風を切り、正確な矢が眉間へと飛ぶ―― !!
「ギャァァァァ!!!!!」
苦悶の絶叫が口をつく。
額を射抜かれ、手から武器を取り落とし、俺は、――




ずるずると崩れ落ちていく射手を見守った。




顔を上げると、防壁の向こう側から弓を手にした男が走ってきた。
片手に盾、片手に長弓を携えた精悍なシルエットは馴染みの顔。
永年の戦友、デュバル近衛隊長だ!
「デュバル隊長!!」
息を切らしていたが、彼は口の端に笑みをうかべた。
俺の傍らに跪き、次々に矢筒から取り出した矢を番える。
狙っては放ち、すぐに構えてまた放つ……
一撃ごとに獣の悲鳴があがり、死体の間を密かに迫っていた戦闘犬はすべて息絶えた。
まさに見敵必殺。
実に8頭もの戦闘犬を逃さず一撃で仕留めたのだ。
すべての矢を打ちつくした隊長が俺の腕を掴んで抱きかかえ、防壁へ引き返す。
他の味方も助けにやってくるが、すぐ近くまで迫っていた山賊の赤い矢に押し戻された。
あらゆる方向から敵の矢が降り注ぎ、辛うじて防壁に俺を担ぎこんだ隊長は蹌踉めいて倒れ、部下の介抱を受けた。
髭面の兵士―― 歴戦の騎兵たちだ―― が輪になって俺を見下ろす。
「ここは安全です、カイ戦士。
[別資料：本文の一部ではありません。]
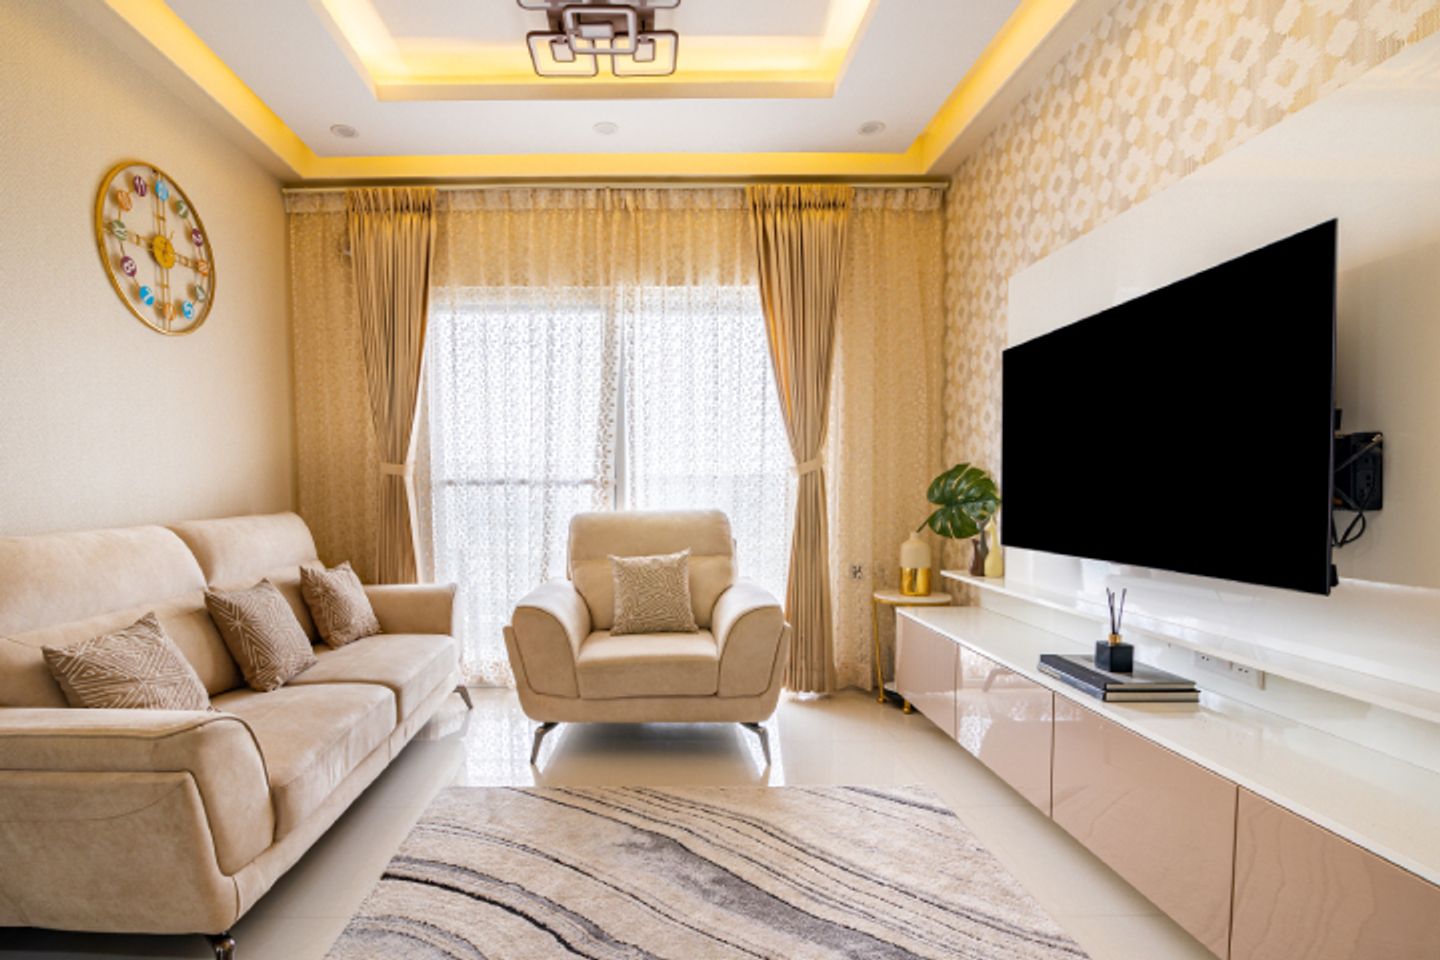 Contemporary Living Room Design With A Wall-Mounted TV Unit

どうか気を楽にして傷を癒してください」
「何、大した怪我じゃあない―― アオオーッッ!!」
激痛で人語を失う。
気が逸れた刹那、兵士が手際よく貫通した矢を引き抜いたのだ。
感覚の麻痺した脚に片手一杯のラウンスパーを塗り、兵士が言う。
「幸運ですよ、カイ戦士。傷口は綺麗で出血も少ない」
「……幸運なのは結構だが、せめて抜く前に一声掛けてくれ」
「ローン・ウルフのリアクションはある意味貴重だぞ、お前ら」
「何?今のリアクションもしかして美味しかった?」
ようやく死の恐怖が薄れていく。
体力点4点を失ったが(残りは9点だ)、生き延びることができた。
隊長と二人、担架で石塔へ運び込まれる。